The Oklahoma Highway Patrol will again participate in a nationwide traffic enforcement campaign titled "Operation C.A.R.E.," Combined Accident Reduction Effort. Troopers and State Police throughout the United States will concentrate their enforcement activities toward alcohol-related offenses, speed violations, seatbelt and child restraint usage. The program first began in 1977, when Michigan State Police and Indiana State Police began strict enforcement activity and unified the efforts of both states.

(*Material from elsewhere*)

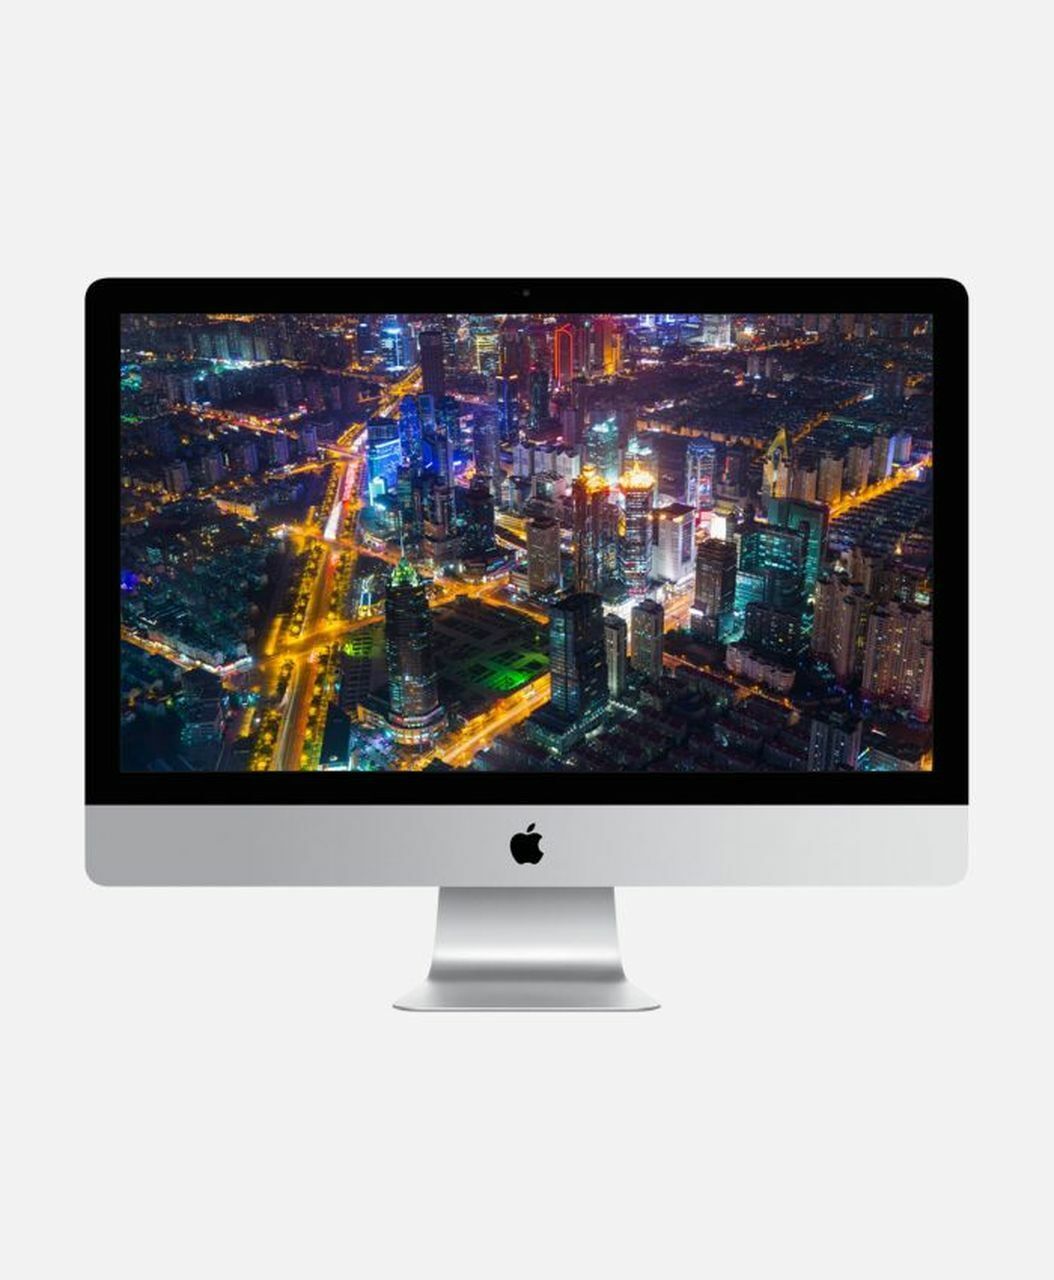 Apple iMac 21.5 inch Mk442ll/a Monterey 2.8Ghz - 8GB Ram 1TB HDD - Late 2015

Today Operation C.A.R.E. encompasses all 50 states and Canada.
This year, Oklahoma will play a significant role in "C.A.R.E. Across America." On November 21, there will be at least one State Trooper every 10 miles on Interstate 40 from coast to coast. "This campaign is intended to promote high visibility of law enforcement officers across the United States, with a "no tolerance" policy for any type of violation," said Colonel Van M. Guillotte, Chief of the Oklahoma Highway Patrol.
Oklahoma Highway Patrol has participated in Operation C.A.R.E. for more than 20 years and has been recognized for its efforts in the production of public service announcements.

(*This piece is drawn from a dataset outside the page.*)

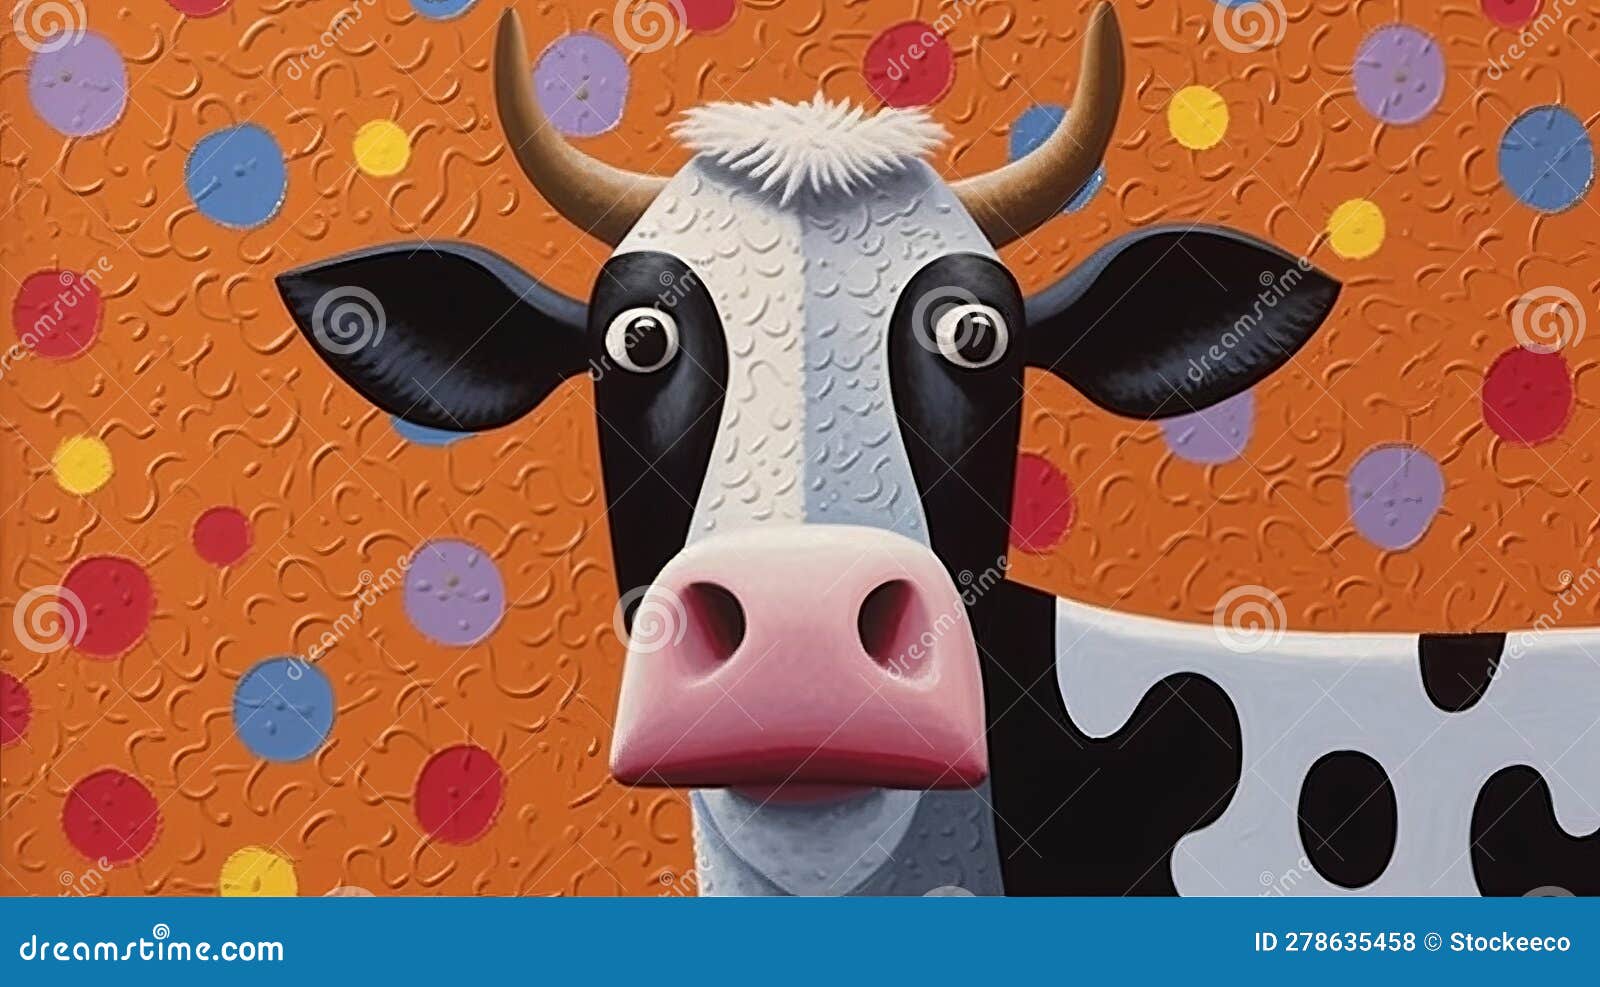 create lowell herrero cow-inspired artwork

"The Thanksgiving holiday period is the most heavily traveled holiday in the United States. Even with fuel prices up, Oklahoma expects to see its share of travelers throughout the Crossroads of America,” said Guillotte.
In 2006, there were 4 crashes resulting in 5 fatalities during the Thanksgiving holiday period. Four of the five people killed were not wearing a seat belt. In 2005, there were 11 people killed in 10 crashes. Five of those people were not wearing a seat belt.
The Oklahoma Highway Patrol does not issue warnings for seat belt or child restraint violations. Effective July 1, 2007, the minimum fine for a child restraint violation increased to $229.50. "It's a proven fact that seat belt usage saves lives," said Guillotte.